_WHAT TO PRODUCE_
The answer must consist solely of the lines below starting at the one containing "Fresh Lavender Morning" and ending at the one containing "photographe-ile-de-france-mariage-yasmine-philippe-paris", repeated exactly, with both ends included and all pictures omitted.

_WORKING DATA_
■ ■ ■ ■ ■ ■ ■
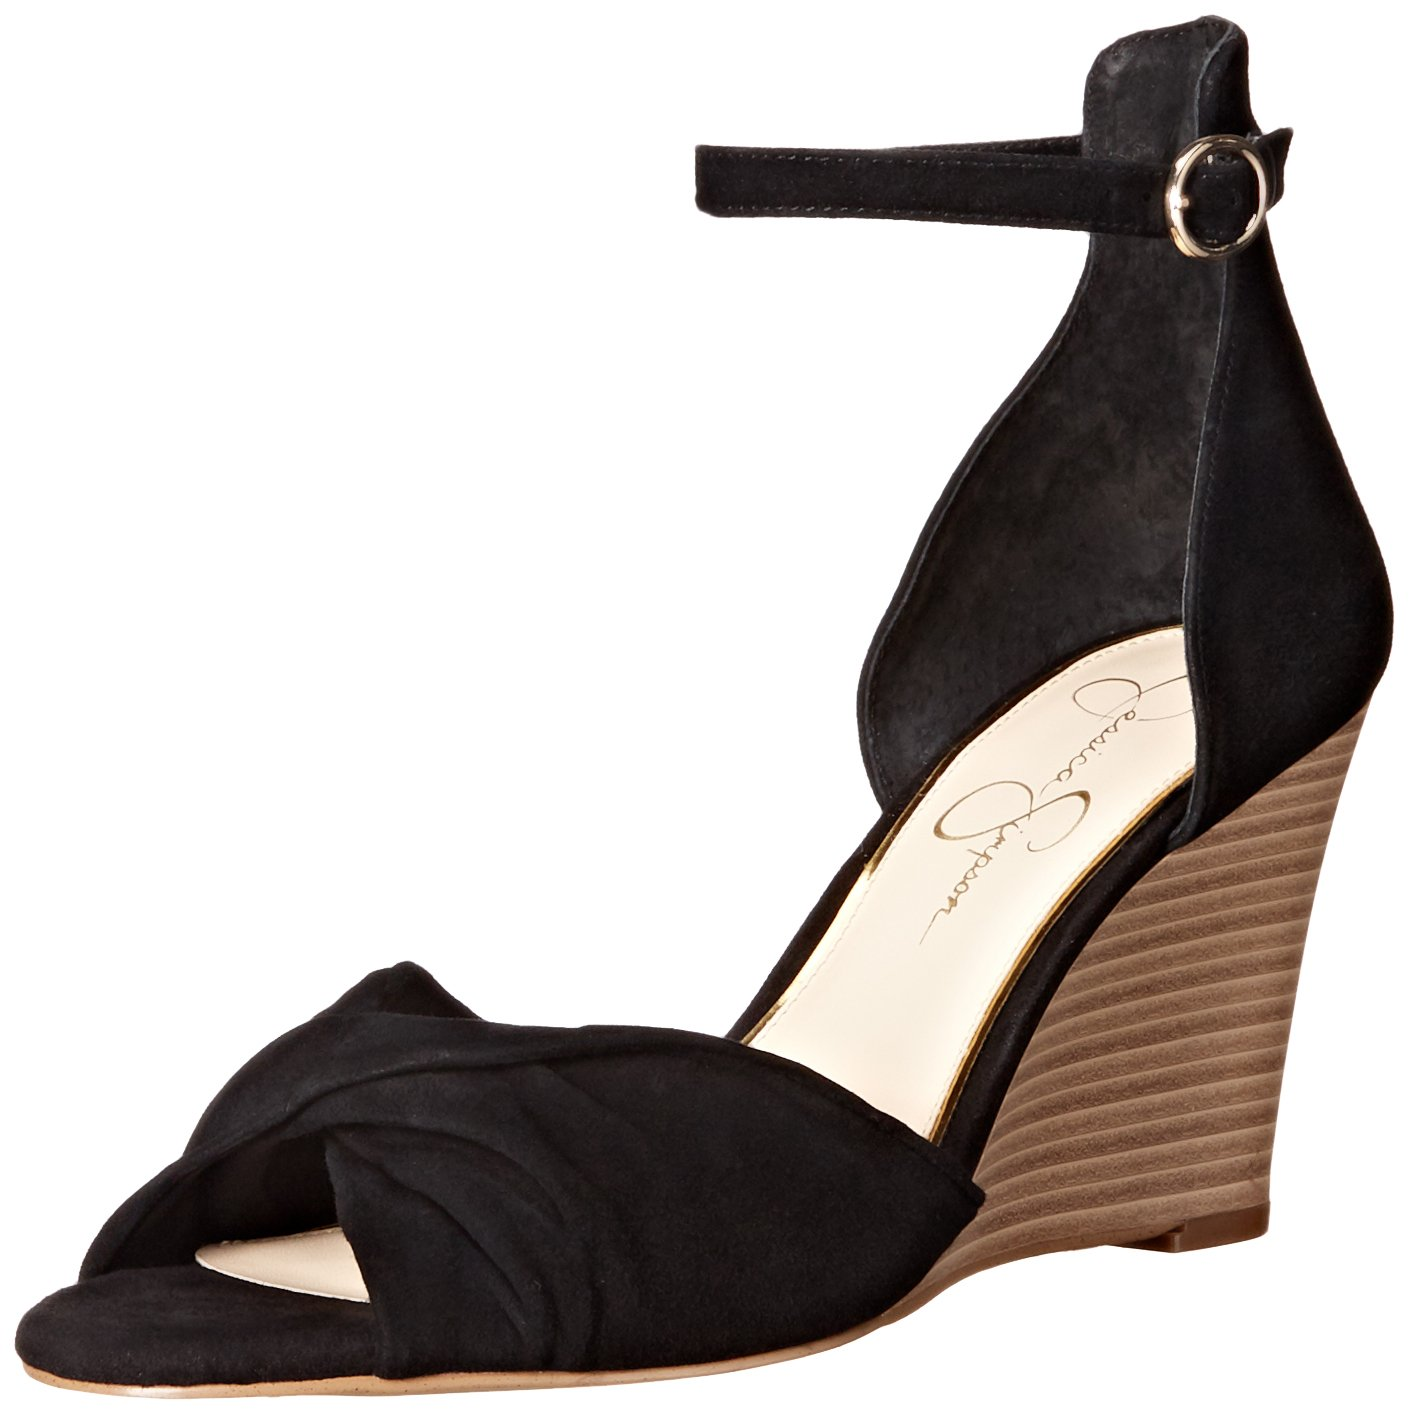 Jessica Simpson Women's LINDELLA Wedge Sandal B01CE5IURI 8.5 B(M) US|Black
■ ■ ■ ■ ■ ■ ■
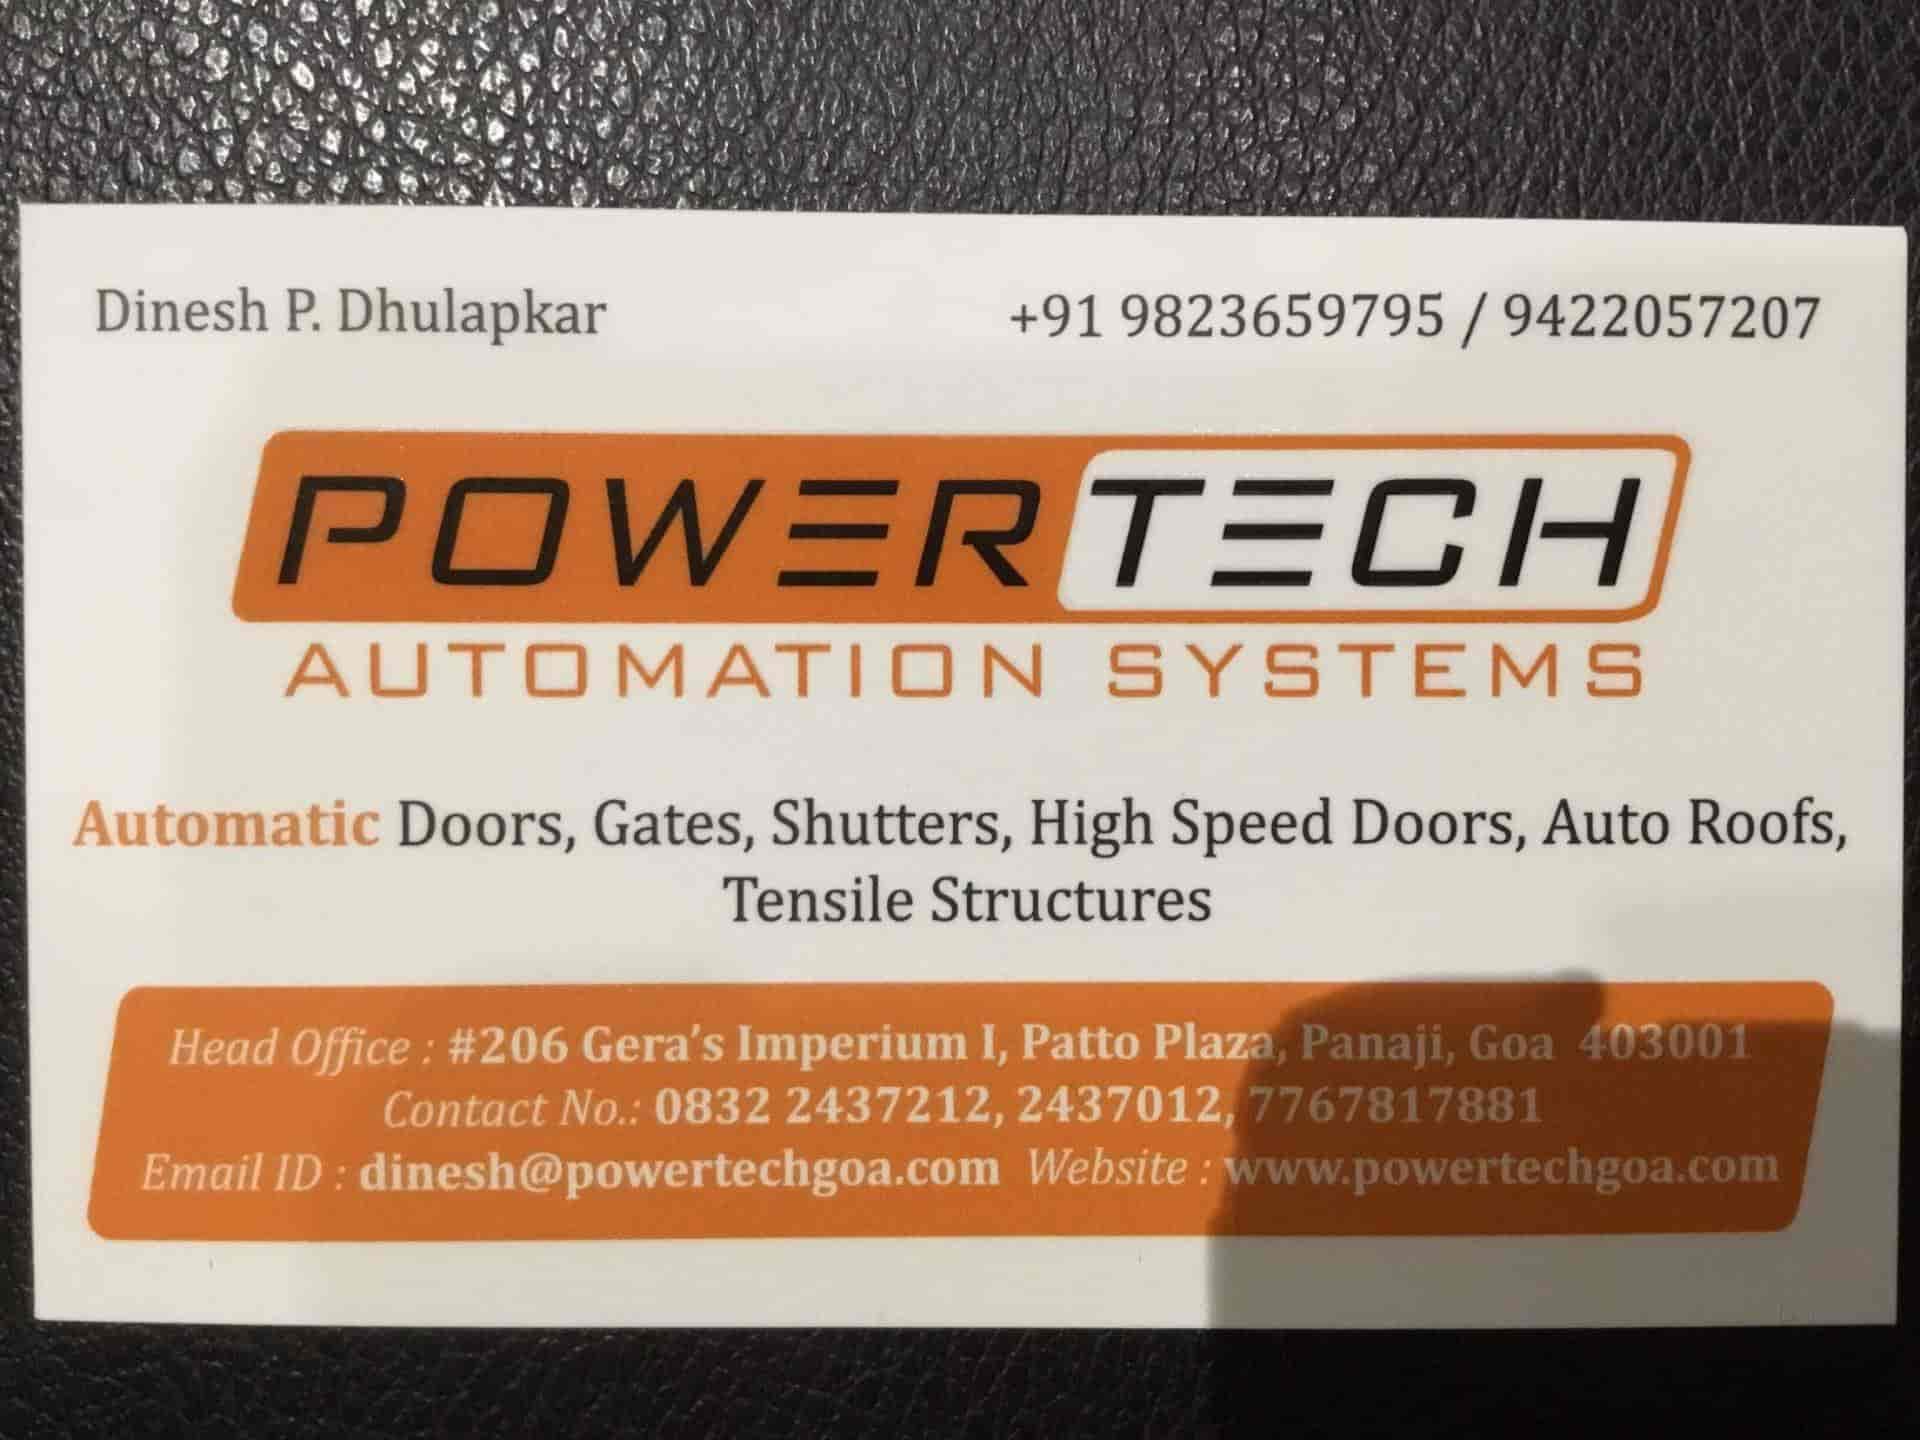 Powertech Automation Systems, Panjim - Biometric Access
■ ■ ■ ■ ■ ■ ■
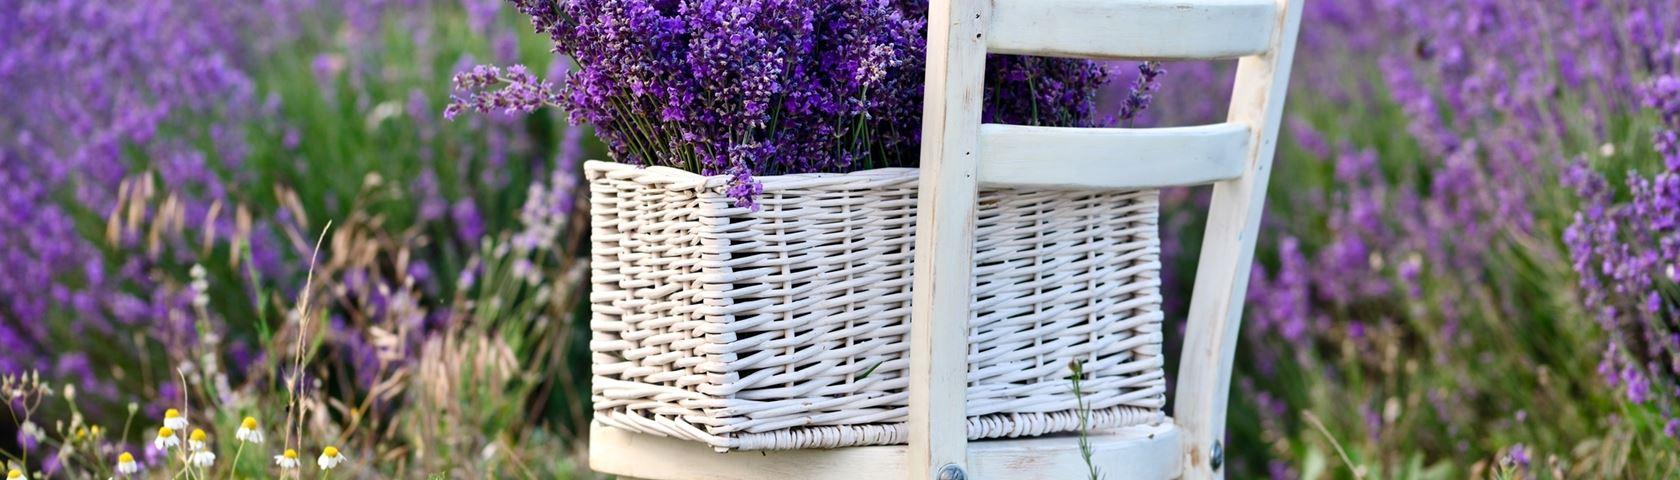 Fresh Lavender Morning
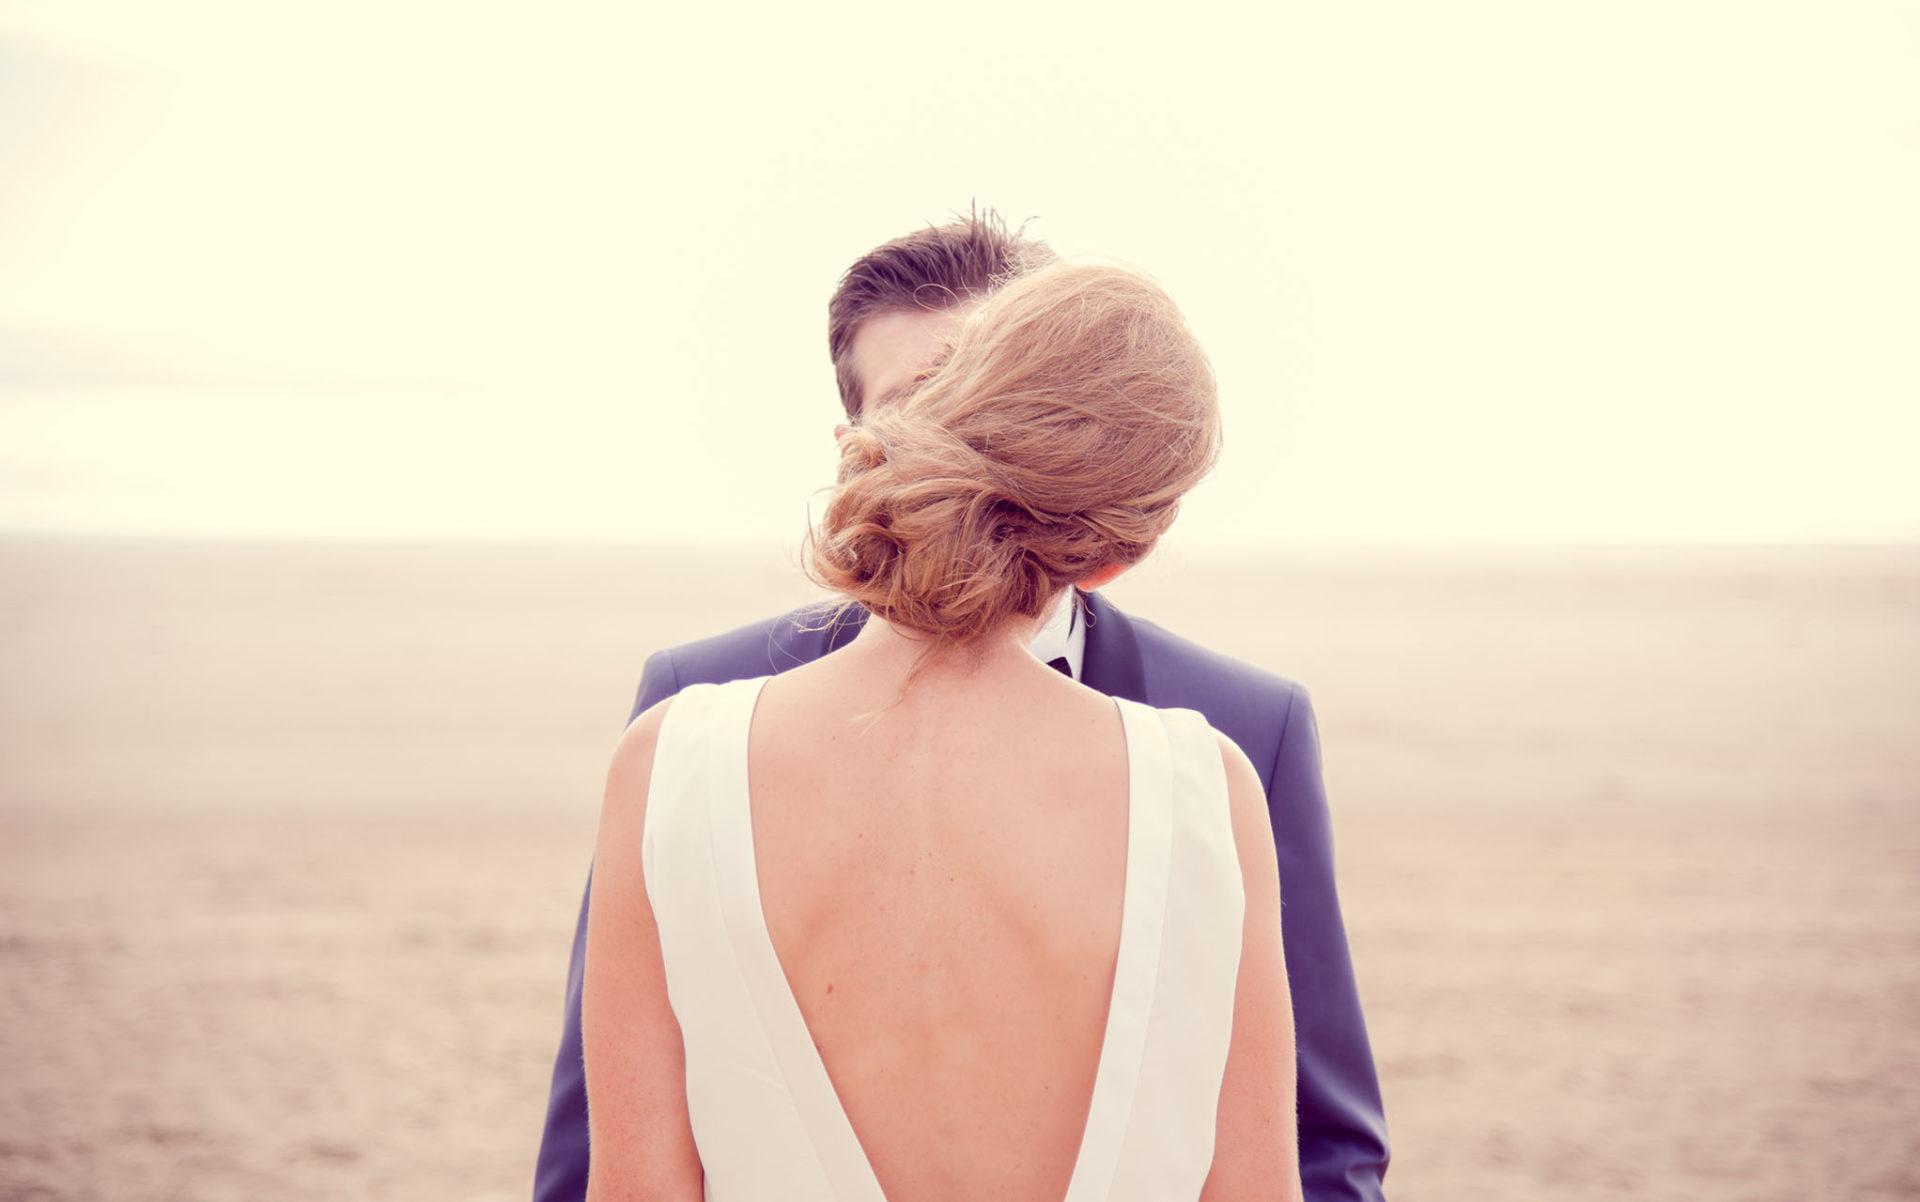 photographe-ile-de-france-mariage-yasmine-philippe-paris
■ ■ ■ ■ ■ ■ ■
_THE ANSWER_
 Fresh Lavender Morning
 photographe-ile-de-france-mariage-yasmine-philippe-paris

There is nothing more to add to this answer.